Lazy Merging of Directed Streams Wiki

Overview

Lazy Merging of Directed Streams is a technique for combining directed instruction streams with an initial randomized instruction dump in RISCV-DV. It was introduced as an algorithmic refactoring of a greedy merge process that did not scale well for large generated instruction counts. The refactored process avoids actual queue insertions during placement and instead delays materialization of the merged instruction list until all directed stream injection locations have been recorded.

Problem Addressed

The original RISCV-DV merge process inserted directed stream sequences greedily into the initial instruction dump. It selected a random injection location, checked whether the location fell inside an already inserted directed sequence, retried random selection up to ten times if necessary, and if a valid location was still not found, advanced to the boundary of the conflicting directed stream and inserted the new stream after it.
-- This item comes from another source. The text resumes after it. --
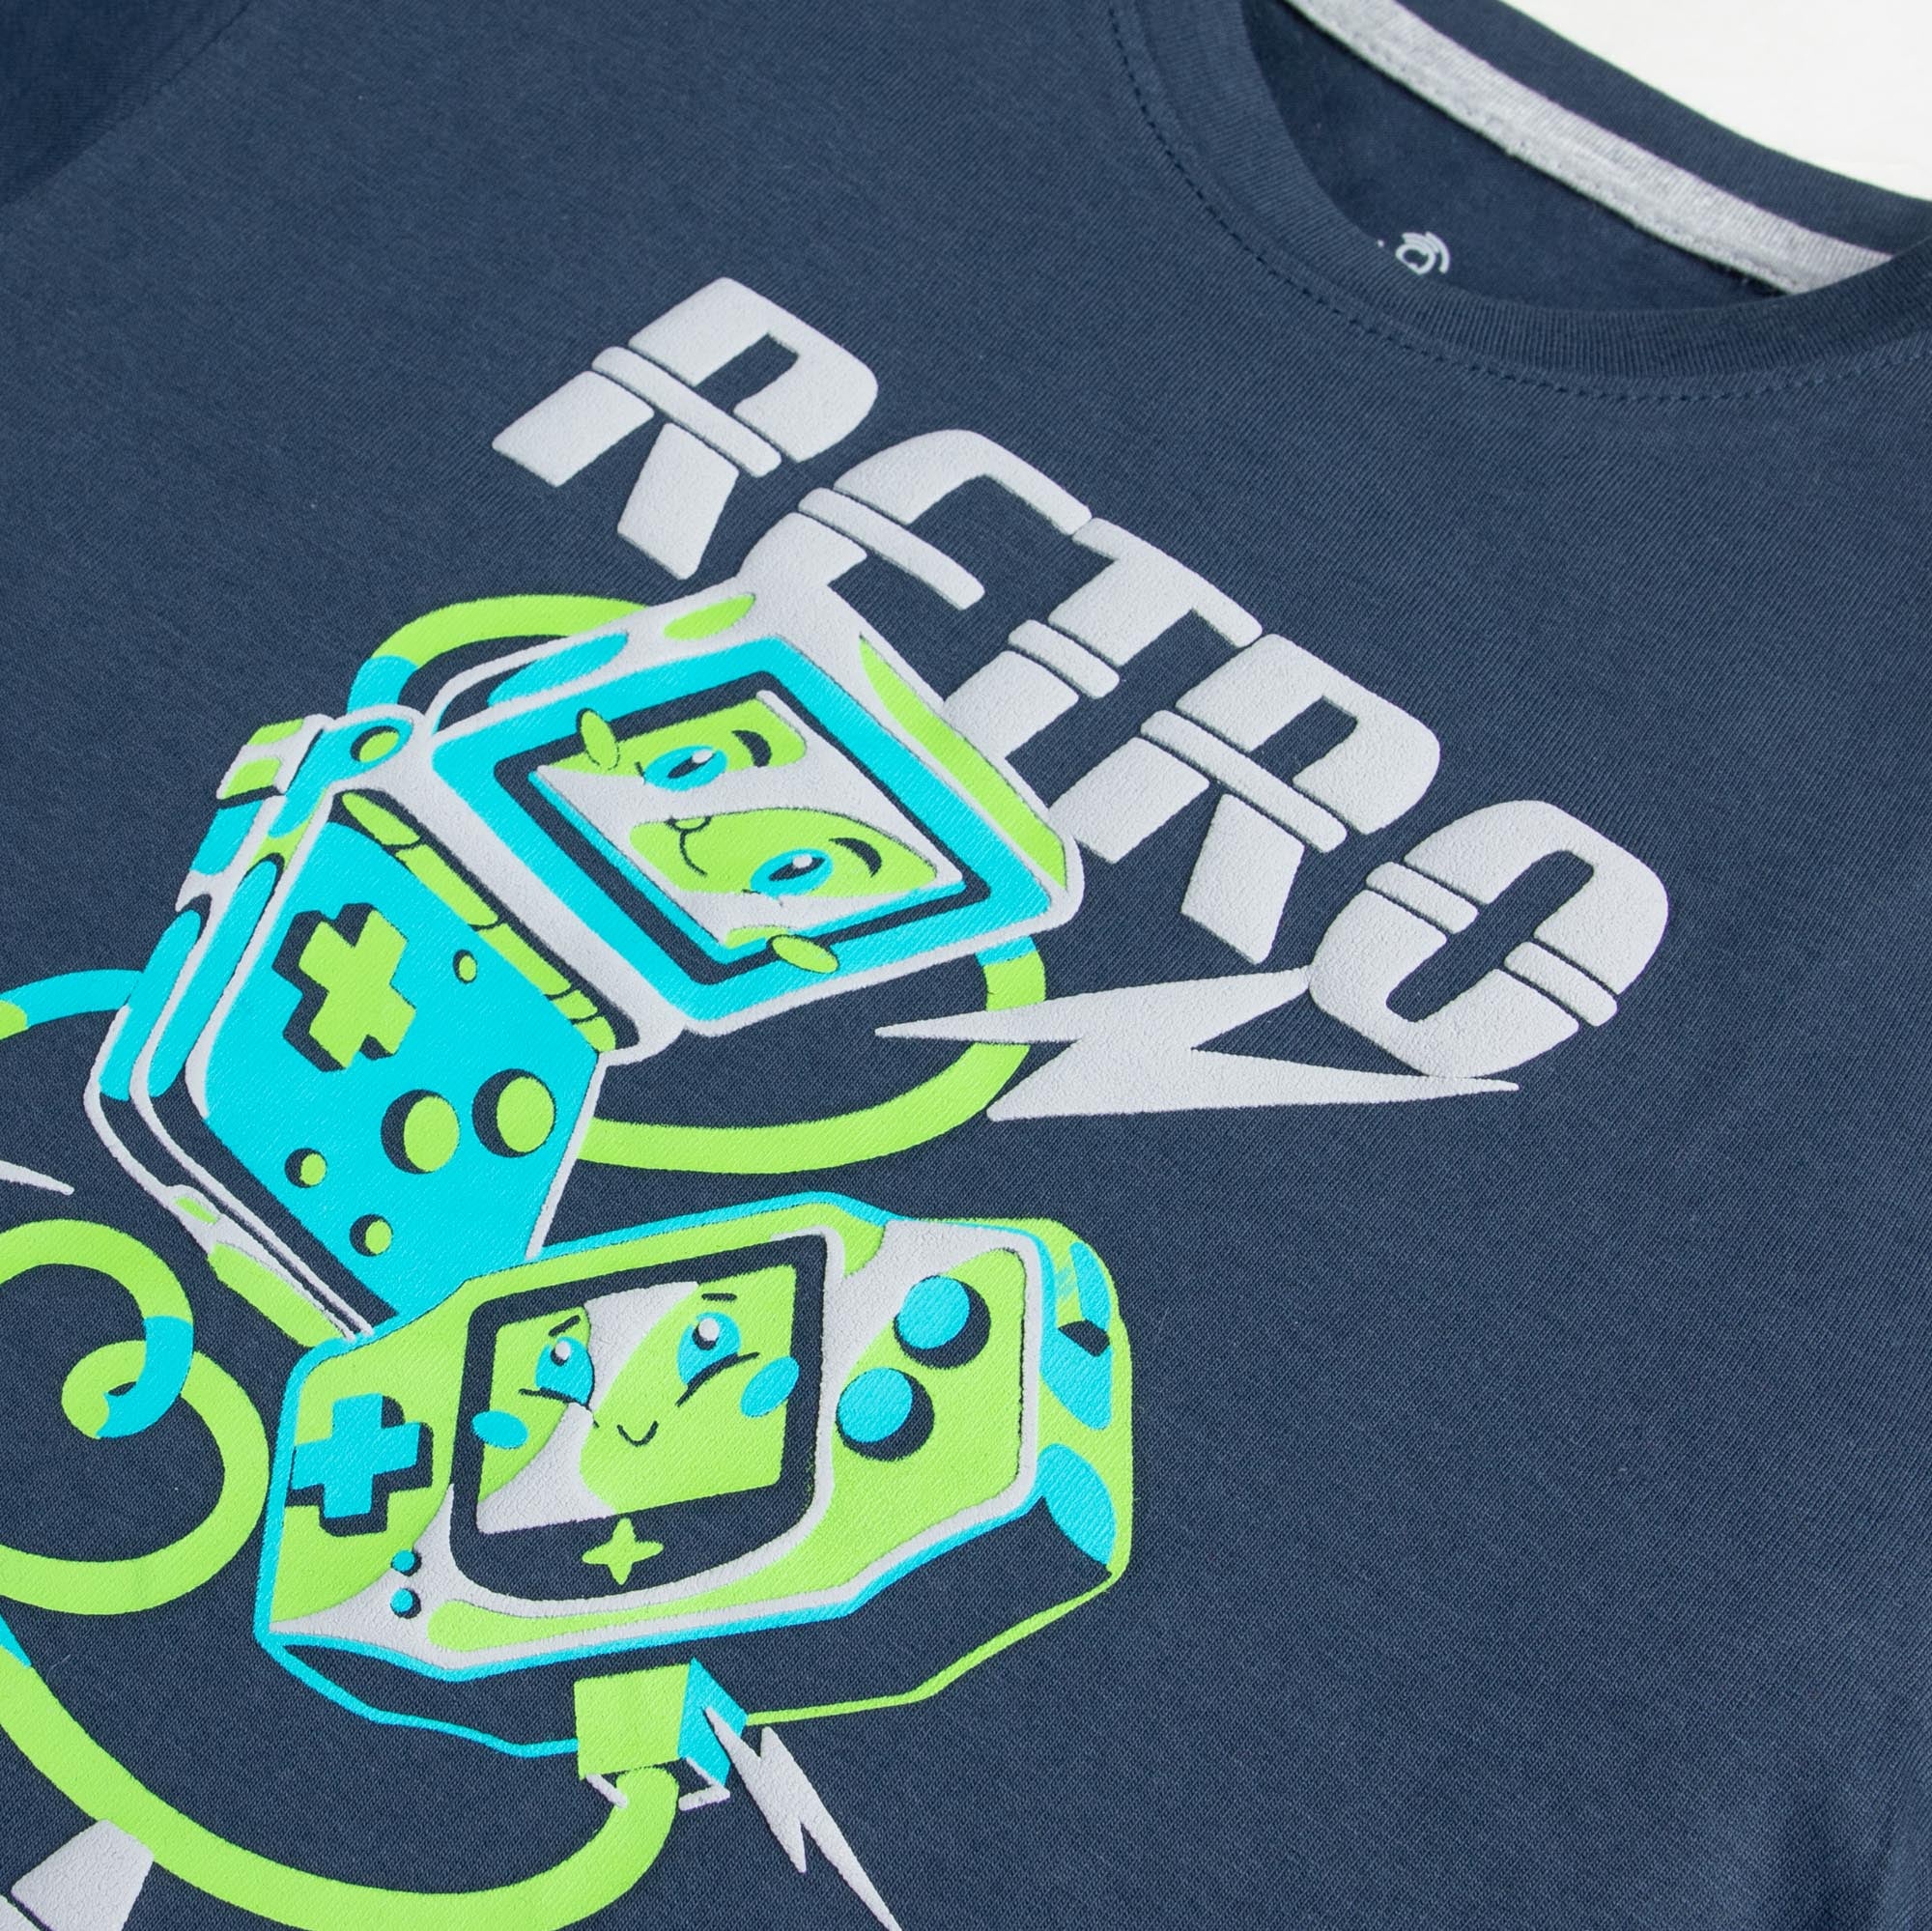 Retro Game T-shirt

This approach required inserting slices of elements into a SystemVerilog queue. Because insertion can require moving elements before or after the insertion point, the cost grows with both the generated instruction count and the number of directed streams. The cited source characterizes the resulting behavior as O(n²) and notes that the generator did not scale well for instruction counts larger than one hundred thousand.

Technique

Lazy merging changes the merge operation from repeated insertion into a queue to a two-phase process:

Mark injection locations: For each injectable directed stream, a random index is generated to identify where the stream should be injected into the initial randomized dump. No insertion is performed at this stage.
Record stream placement metadata: The selected injection locations are enumerated in an array. If more than one directed stream targets the same location, the streams are connected through a linked-list-like structure using an insert_idx / next_stream field embedded in the stream object.
Materialize the merged dump once: After all directed stream locations have been tabulated, the final merged instruction dump is constructed in a single pass. For each instruction position in the original instruction list, any directed streams recorded for that position are emitted first, followed by the original instruction.

Implementation Characteristics

The listing in the source shows a function mixin_dir_instr_list(riscv_instr_stream[] dir_list) that:

computes the original instruction count and final mixed instruction count,
stores directed stream placement entries in dir_n,
uses urandom(0, instr_count) to select an intended injection index,
chains streams that target the same index through next_stream, and
creates mixed_list by walking the original instruction list and copying any directed streams associated with each position before copying the original instruction.

The final step replaces the original instruction list with the constructed merged list using instr_list.assimilate(mixed_list).

Complexity and Scalability

The cited source states that this refactoring reduces the insertion process to O(n) by avoiding queue insertions and creating the merged function body in one pass. After re-profiling, the merge process was reported to scale well and no longer be a bottleneck for generating large test programs.

Context

The technique appears in the context of making RISCV-DV scalable for very large generated test programs. The source also notes that larger test programs can generate increasingly complex program flows, which are more likely to uncover processor bugs.